Your assignment:
Your output should be the entries below, from the first line up to and including the line with "قاسم حول يتسلم", reproduced exactly and with no other lines.

Input:
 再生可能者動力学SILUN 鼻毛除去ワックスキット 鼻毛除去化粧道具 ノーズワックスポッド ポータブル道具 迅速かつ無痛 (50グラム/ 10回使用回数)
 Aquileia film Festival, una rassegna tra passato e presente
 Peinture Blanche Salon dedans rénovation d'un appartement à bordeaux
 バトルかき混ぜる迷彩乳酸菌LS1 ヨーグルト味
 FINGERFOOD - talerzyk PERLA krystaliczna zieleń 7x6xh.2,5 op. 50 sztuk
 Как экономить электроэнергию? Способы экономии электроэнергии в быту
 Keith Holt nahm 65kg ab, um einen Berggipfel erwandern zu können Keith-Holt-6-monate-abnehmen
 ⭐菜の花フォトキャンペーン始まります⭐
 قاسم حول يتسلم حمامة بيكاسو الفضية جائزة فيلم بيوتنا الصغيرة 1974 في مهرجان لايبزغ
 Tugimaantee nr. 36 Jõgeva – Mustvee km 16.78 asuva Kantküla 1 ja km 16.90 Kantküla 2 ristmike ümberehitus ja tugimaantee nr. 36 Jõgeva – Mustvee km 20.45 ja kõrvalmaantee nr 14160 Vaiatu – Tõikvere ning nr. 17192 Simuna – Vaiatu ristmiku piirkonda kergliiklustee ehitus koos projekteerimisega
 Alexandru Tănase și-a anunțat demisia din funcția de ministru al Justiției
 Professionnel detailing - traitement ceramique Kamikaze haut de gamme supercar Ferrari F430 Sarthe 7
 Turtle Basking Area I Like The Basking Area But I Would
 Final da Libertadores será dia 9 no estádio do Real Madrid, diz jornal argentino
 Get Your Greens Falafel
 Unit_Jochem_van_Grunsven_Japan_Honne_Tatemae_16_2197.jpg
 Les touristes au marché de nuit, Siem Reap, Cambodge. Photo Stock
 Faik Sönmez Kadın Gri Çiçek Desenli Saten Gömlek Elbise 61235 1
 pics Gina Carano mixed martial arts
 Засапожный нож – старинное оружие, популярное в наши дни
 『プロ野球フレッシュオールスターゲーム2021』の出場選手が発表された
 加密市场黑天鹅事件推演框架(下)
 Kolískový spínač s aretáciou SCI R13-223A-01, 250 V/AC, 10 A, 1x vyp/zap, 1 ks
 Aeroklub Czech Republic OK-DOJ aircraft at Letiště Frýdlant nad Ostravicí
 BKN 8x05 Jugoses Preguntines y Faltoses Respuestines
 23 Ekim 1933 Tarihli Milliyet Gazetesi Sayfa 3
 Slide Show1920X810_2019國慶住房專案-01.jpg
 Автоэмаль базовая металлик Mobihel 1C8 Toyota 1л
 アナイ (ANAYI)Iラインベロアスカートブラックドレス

Written response:
 再生可能者動力学SILUN 鼻毛除去ワックスキット 鼻毛除去化粧道具 ノーズワックスポッド ポータブル道具 迅速かつ無痛 (50グラム/ 10回使用回数)
 Aquileia film Festival, una rassegna tra passato e presente
 Peinture Blanche Salon dedans rénovation d'un appartement à bordeaux
 バトルかき混ぜる迷彩乳酸菌LS1 ヨーグルト味
 FINGERFOOD - talerzyk PERLA krystaliczna zieleń 7x6xh.2,5 op. 50 sztuk
 Как экономить электроэнергию? Способы экономии электроэнергии в быту
 Keith Holt nahm 65kg ab, um einen Berggipfel erwandern zu können Keith-Holt-6-monate-abnehmen
 ⭐菜の花フォトキャンペーン始まります⭐
 قاسم حول يتسلم حمامة بيكاسو الفضية جائزة فيلم بيوتنا الصغيرة 1974 في مهرجان لايبزغ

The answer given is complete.